The pedants are revolting!

Thursday, January 19, 2012


I have absolutely no intention of wading into the whole Scottish independence debate on here. I spend my life uncomfortably wedged between a fervent nationalist (my mother) and a staunch unionist (my husband), so the only sensible course of action here is for me to sink gratefully into a warm bath of indifference. It's a self-preservation thing.


But there is one thing that never fails to ruffle the calm waters of my disinterest. One thing guaranteed to have me leaping to my feet, dripping with righteous indignation. This one thing can be summed up in eight short words:

"England" and "Britain" are not the same thing.

One more time, for the folks at the back:

"England" and "Britain" are NOT. THE. SAME. THING.


Those of you who live on this fair isle will I hope be reasonably familiar with this concept.
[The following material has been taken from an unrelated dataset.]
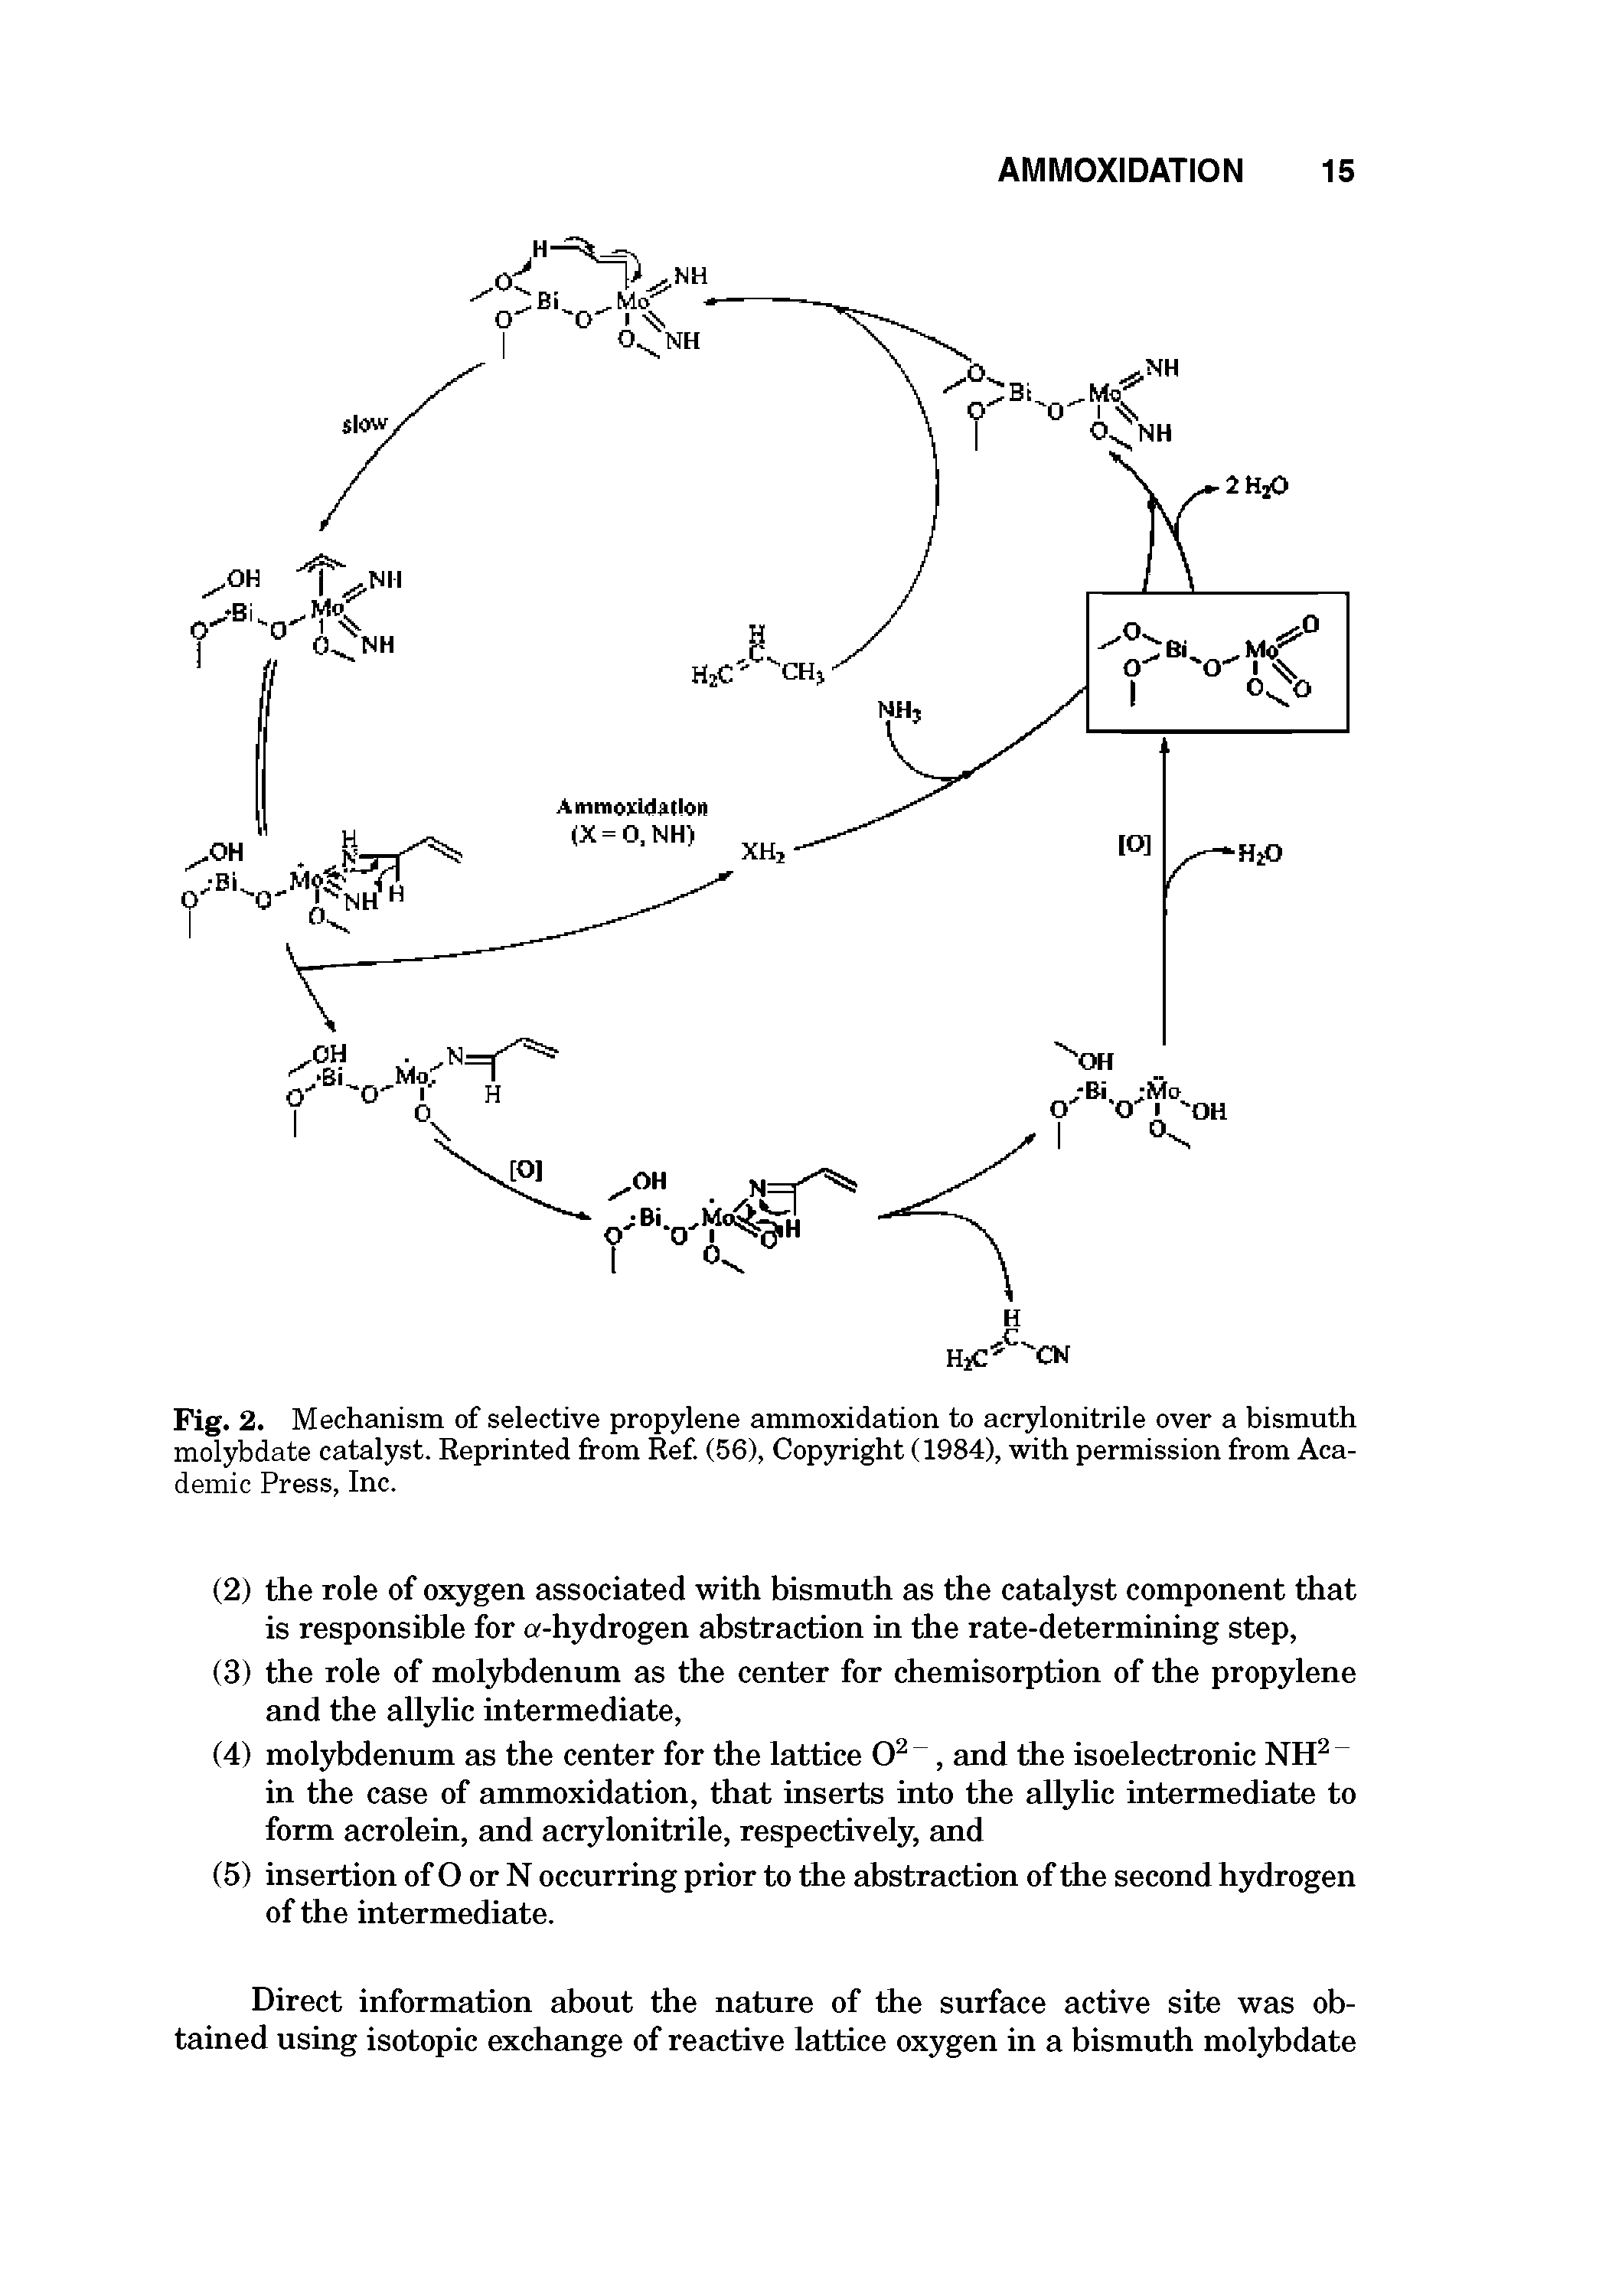 Fig. 2. Mechanism of selective propylene ammoxidation to acrylonitrile over a bismuth molybdate catalyst. Reprinted from Ref. (56), Copyright (1984), with permission from Academic Press, Inc.
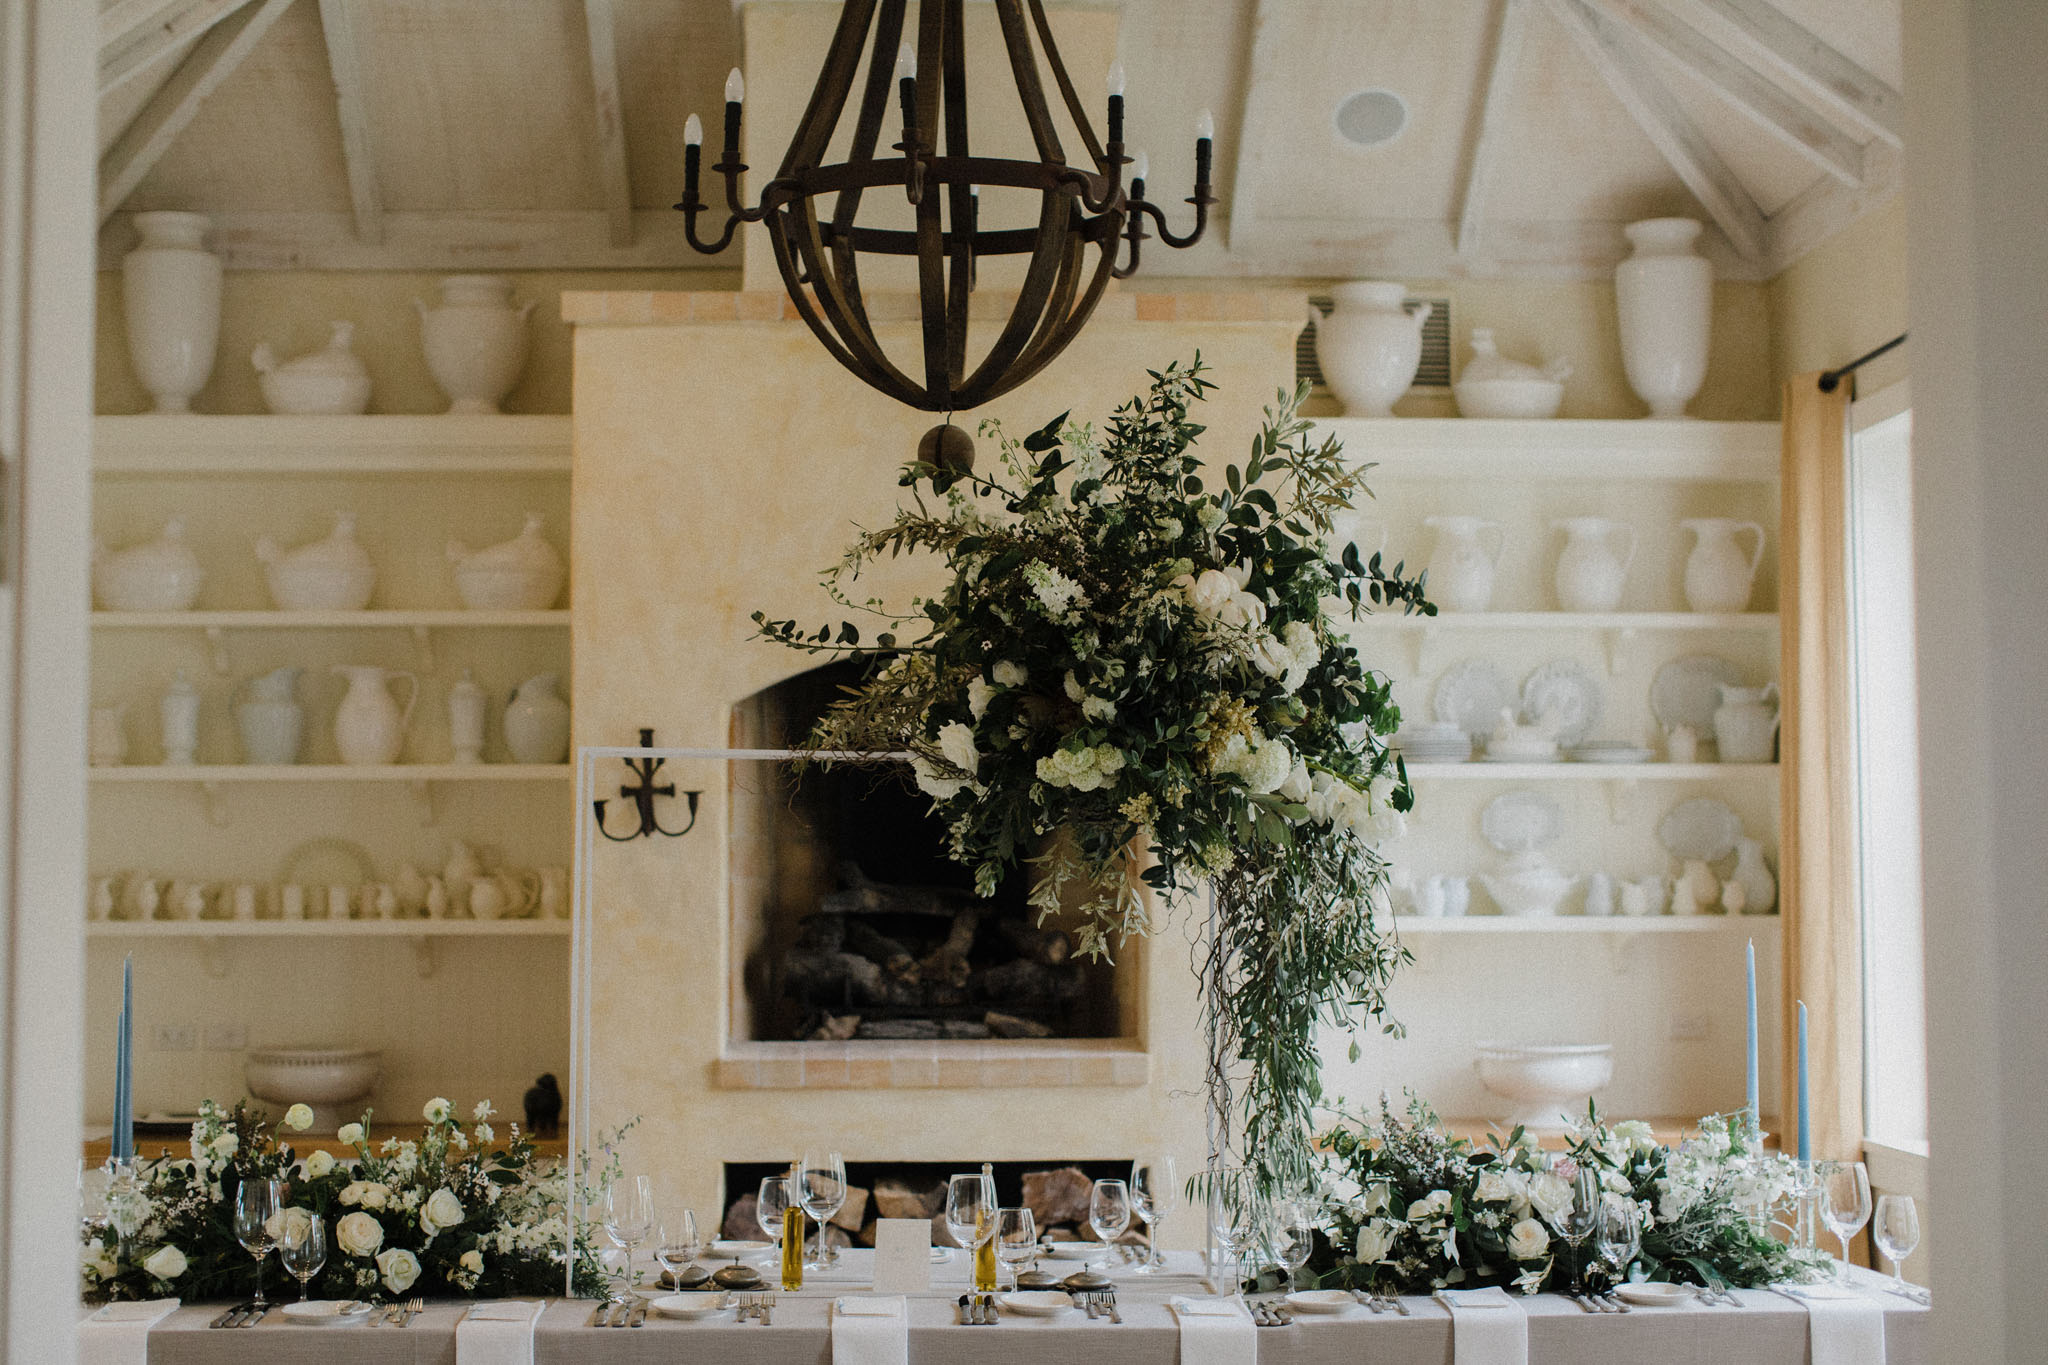 Melissa+Sean Capekidnappers Flowers Table Inspiration 0191

Those of you who live in other places, places where pants are trousers and sunshine is more than a bi-annual occurrence, well, I understand that the United Kingdom has a unique constitutional arrangement and not everyone in the entire world is educated about it from birth (more's the pity). But oh good lord, whenever I hear people referring to England when they mean the UK, it drives me crazy.

To be clear: I say this not as a patriot (although I am quite fond of our soggy little nation, and it hurts me to see it perceived as just another English county), but as an irredeemable, incurable pedant.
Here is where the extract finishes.